From Blueprint to Deployment#
This blueprint represents a complete, end-to-end reference architecture. The key integration points for deployment practitioners are:
Component |
Technology |
Integration Notes |
|---|---|---|
Video / Image Ingest |
Intel DL Streamer |
GStreamer pipeline with RTSP, USB, or file sources |
Object Detection |
YOLOv8 on OpenVINO |
Fine-tuned on site-specific defect dataset |
Data Persistence |
SQLite |
Embedded, serverless — no infrastructure overhead |
Agent Orchestration |
LangGraph (hub-and-spoke) |
Meta-Agent coordinates Policy, Analysis, Evidence, Ticketing |
LLM Reasoning |
OpenVINO GenAI |
Phi-4-mini-instruct or DeepSeek-R1, INT4 quantized |
Text-to-SQL |
sqlcoder-7b-2 on OpenVINO |
Natural language queries against detection database |
Interactive Interface |
Flask Web App / CLI |
Real-time streaming, chat, and agent output viewing |
Hardware Platform |
Intel 12th Gen+ with iGPU/NPU |
CPU + GPU + NPU; OpenVINO targets all three accelerators |
Operating System |
Linux (Ubuntu 20.04+) |
Conda-based environment with full dependency isolation |
Extending to New Domains#
The architecture is domain-portable.

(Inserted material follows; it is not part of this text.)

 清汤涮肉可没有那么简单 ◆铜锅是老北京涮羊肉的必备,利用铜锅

To adapt the blueprint to a new inspection domain (e.g., solar panels, bridge structures, manufacturing quality):
Train a new detection model on the domain-specific dataset
Create a new prompt file in
prompts/with domain-specific defect classes, severity mappings, and analysis instructionsCreate a new YAML config in
config/with model paths and agent parametersUpdate
config.jsonto point to the new use case ID
No agent code changes are required. The prompt system and configuration hierarchy are designed for this kind of domain swapping.

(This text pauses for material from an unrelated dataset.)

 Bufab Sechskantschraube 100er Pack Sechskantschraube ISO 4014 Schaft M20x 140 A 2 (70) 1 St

Extending to New Sensor Modalities#
The current version of the pipeline ingests images and video as its primary data sources. However, the three-unit architecture — with its clean separation between ingestion, storage, and reasoning — is designed to accommodate additional sensor modalities in future iterations. Potential extensions include:
Radar and LiDAR — Subsurface and geometric defect detection for buried or occluded infrastructure
Thermal imaging — Heat signature anomalies indicating insulation failure, leaks, or electrical faults
Acoustic emission sensors — Vibration and stress-wave analysis for fatigue crack detection
Ultrasonic testing — Wall thickness measurement and internal corrosion mapping
Each new modality would feed into the SQLite persistence layer through a modality-specific ingestion adapter, while the agent reasoning layer remains unchanged — policy, analysis, and evidence agents operate on structured detection records regardless of the source sensor.
Conclusion#
The Predictive Maintenance Pipeline blueprint demonstrates that the convergence of edge vision AI, multi-agent reasoning, and heterogeneous Intel hardware makes it possible to build industrial inspection systems that are simultaneously more capable, more auditable, and more deployable than traditional manual workflows.

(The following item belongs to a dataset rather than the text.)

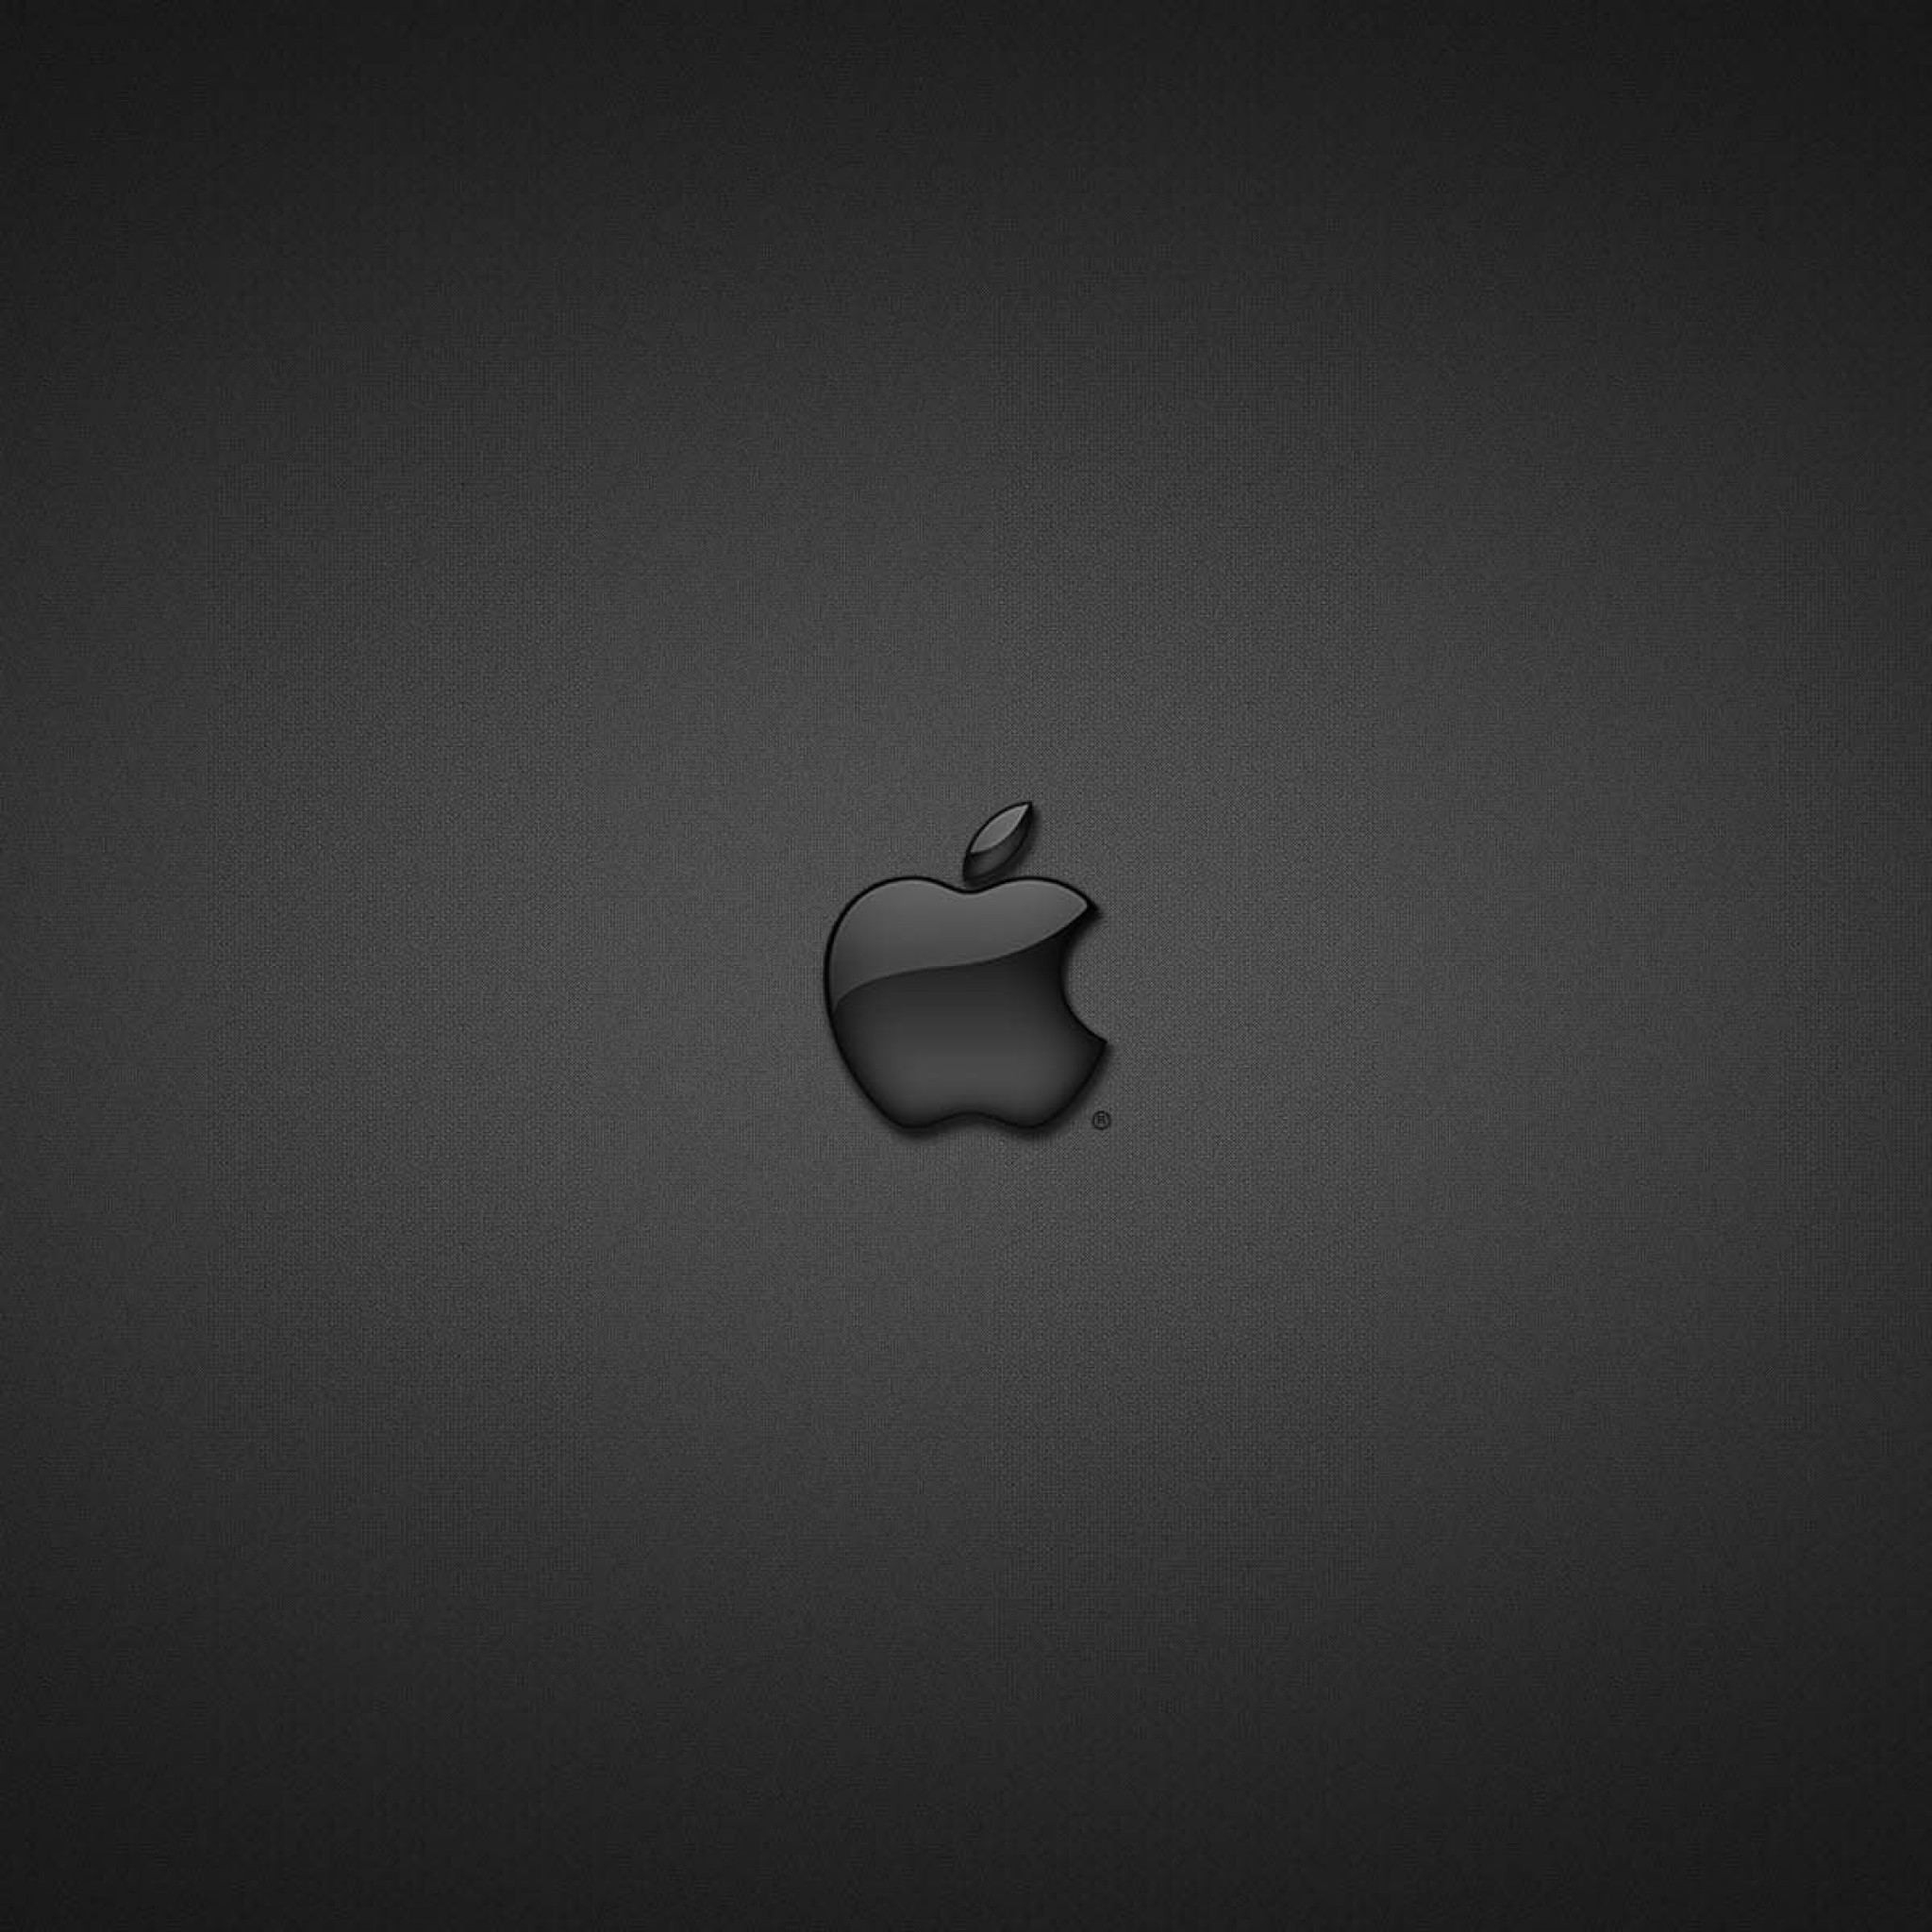 Значок айфона скопировать. Значок айфона. Логотип Apple. Яблоко айфон. Яблочко айфона маленькое.

By separating detection from reasoning, persisting every observation in a queryable database, and orchestrating specialized agents through a structured hub-and-spoke pattern, the architecture delivers defect detection, policy enforcement, statistical analysis, and compliance audit trails from a single unified pipeline. While the current implementation focuses on pipeline defect detection using image and video input, the same foundation scales to solar panels, bridges, manufacturing lines, and any domain where visual — or eventually multi-modal — defect detection meets structured analytical reasoning.
The system is not a dashboard — it is an operational edge AI pipeline. And with Intel OpenVINO as its inference and reasoning runtime, it is deployable on real hardware, with real data, at the edge.
This blueprint is a proof of concept and is not intended for production use. Other names and brands may be claimed as the property of others.